Enfin, la souche de Bobo Dioulasso est apparue sensible au
fipronil. CHANDRE et RIVIÈRE (9) ont obtenu des résultats
similaires à Bouaké et à Abidjan, ce qui semble confirmer la
sensibilité de C. quinquefasciatus au fipronil dans ces deux
pays. Toutefois, le fipronil agit sur la même cible (canaux
chlorures récepteurs GABA) que les cyclodiènes et notamment la dieldrine (2). De ce fait, un risque de résistance croisée existe, puisque les populations de C. quinquefasciatus
en Afrique de l’Ouest sont en général fortement résistantes
à la dieldrine. Cette caractéristique reste néanmoins à être
vérifiée à Bobo Dioulasso. Par conséquent, l’utilisation du
fipronil ou d’autres phényl pyrazoles en lutte anticulicidienne
nécessiterait un suivi régulier de la sensibilité des populations
cibles (adultes) et des mécanismes de résistance éventuellement impliqués.

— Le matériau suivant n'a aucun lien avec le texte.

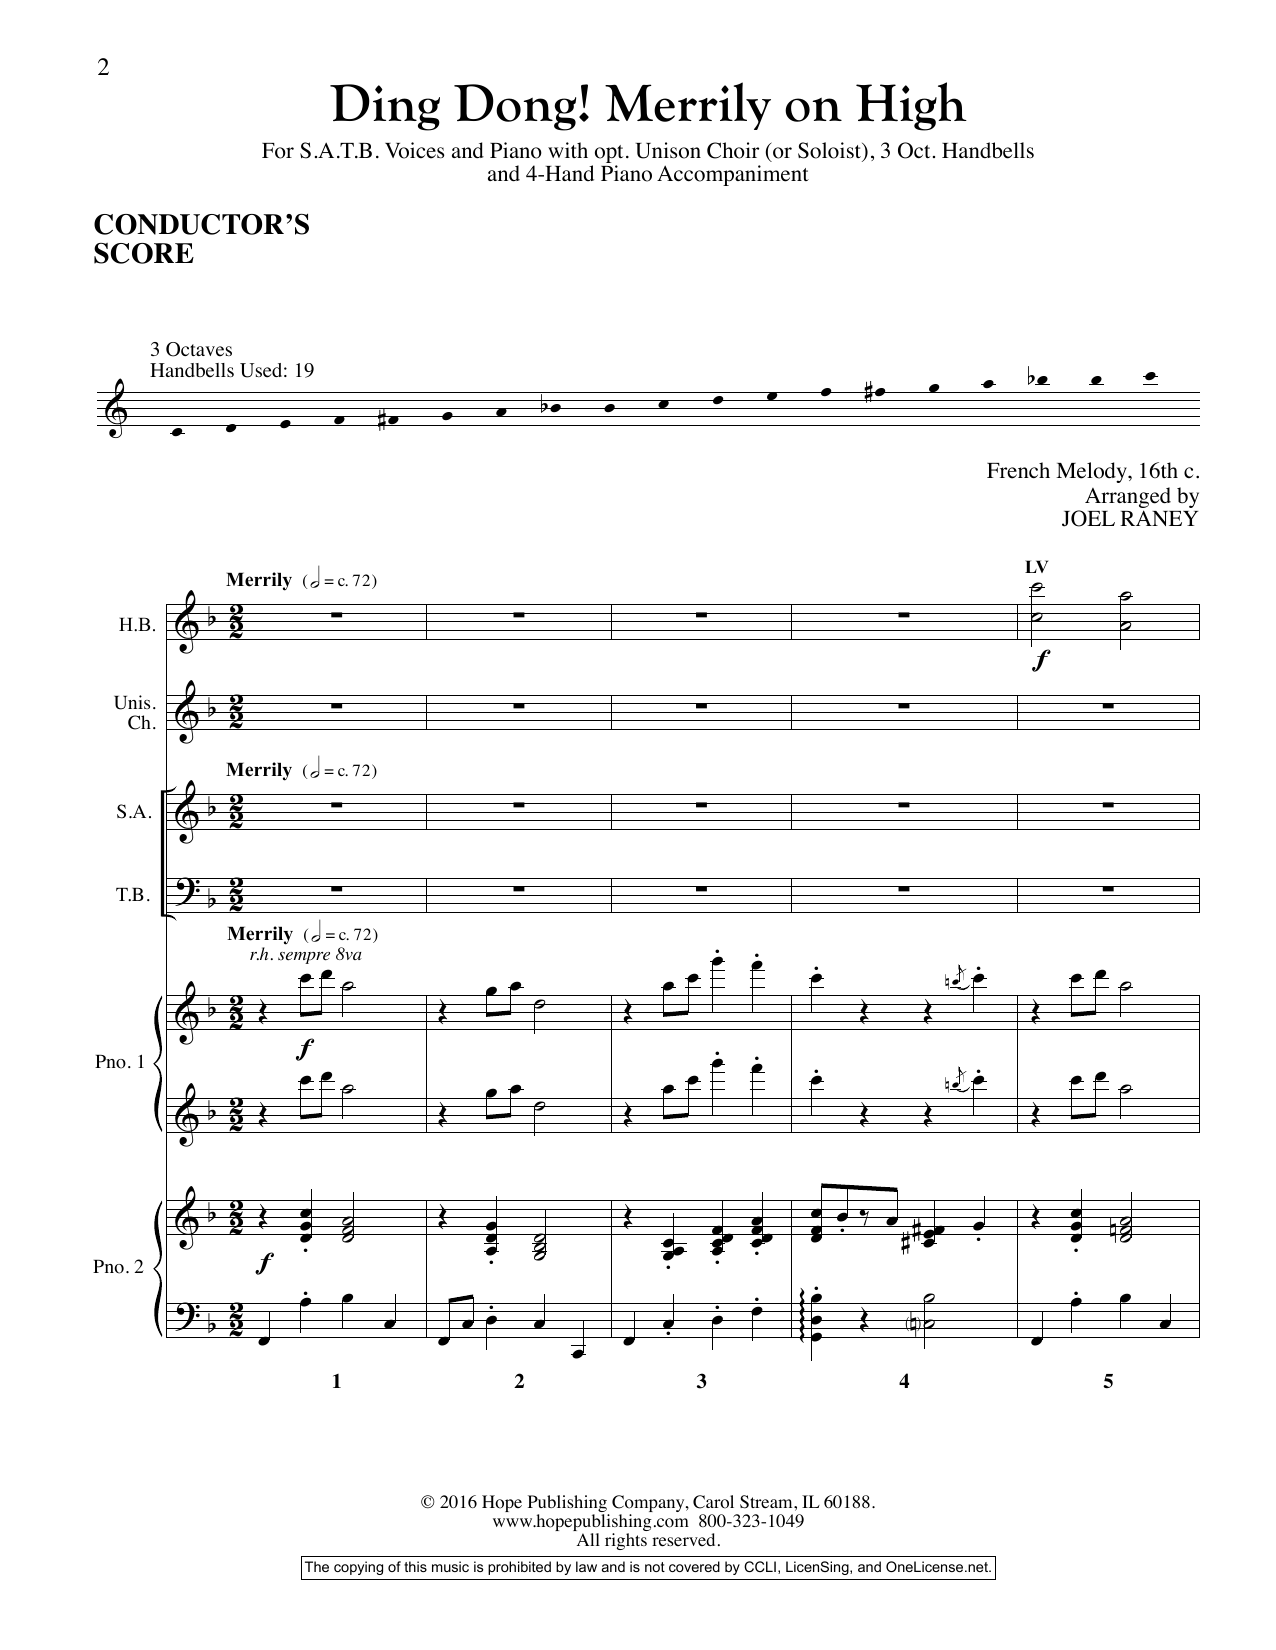 Download Joel Raney Ding Dong! Merrily On High - Full Score Sheet Music

Nos résultats montrent, à l’instar du fipronil, que la souche
de Bobo Dioulasso est sensible à B. sphaericus. À Maroua,
ville soudano-sahélienne du nord-Cameroun, BALDET (3) a
obtenu des niveaux de sensibilité similaires à ceux observés à
Bobo. Cette efficacité de B. sphaericus constitue une alternative de lutte intéressante, étant donné le développement de la
résistance aux insecticides chimiques chez C. quinquefasciatus
(5). Toutefois, les forts niveaux de résistance à B. sphaericus
chez C. quinquefasciatus en Inde et au Brésil, après seulement
Bull Soc Pathol Exot, 2005, 98, 5, 406-410
quelques années d’utilisation opérationnelle, soulignent là
encore tout l’intérêt d’un suivi régulier de la sensibilité des
populations cibles (20).
Conclusion
La résistance des populations de C. quinquefasciatus à Bobo
Dioulasso s’étend aux organochlorés et aux pyréthrinoïdes.
Une baisse de sensibilité est notée pour les organophosphorés
et les carbamates. En revanche, C. quinquefasciatus est sensible aux phényl pyrazoles et à B. sphaericus. Face à ce constat, une lutte larvicide contre C. quinquefasciatus utilisant en
rotation ces trois familles d’insecticides (organophosphorés,
phényl pyrazole, bio-larvicide) pourrait être envisagée. Cette
lutte pourrait se faire également dans le cadre d’une approche intégrée, prenant en compte l’assainissement du milieu
et l’utilisation des moustiquaires imprégnées. En outre, une
surveillance régulière de la sensibilité des populations cibles
et des mécanismes de résistance éventuellement impliqués est
indispensable et devrait être partie intégrante de tout programme de lutte anti-vectorielle.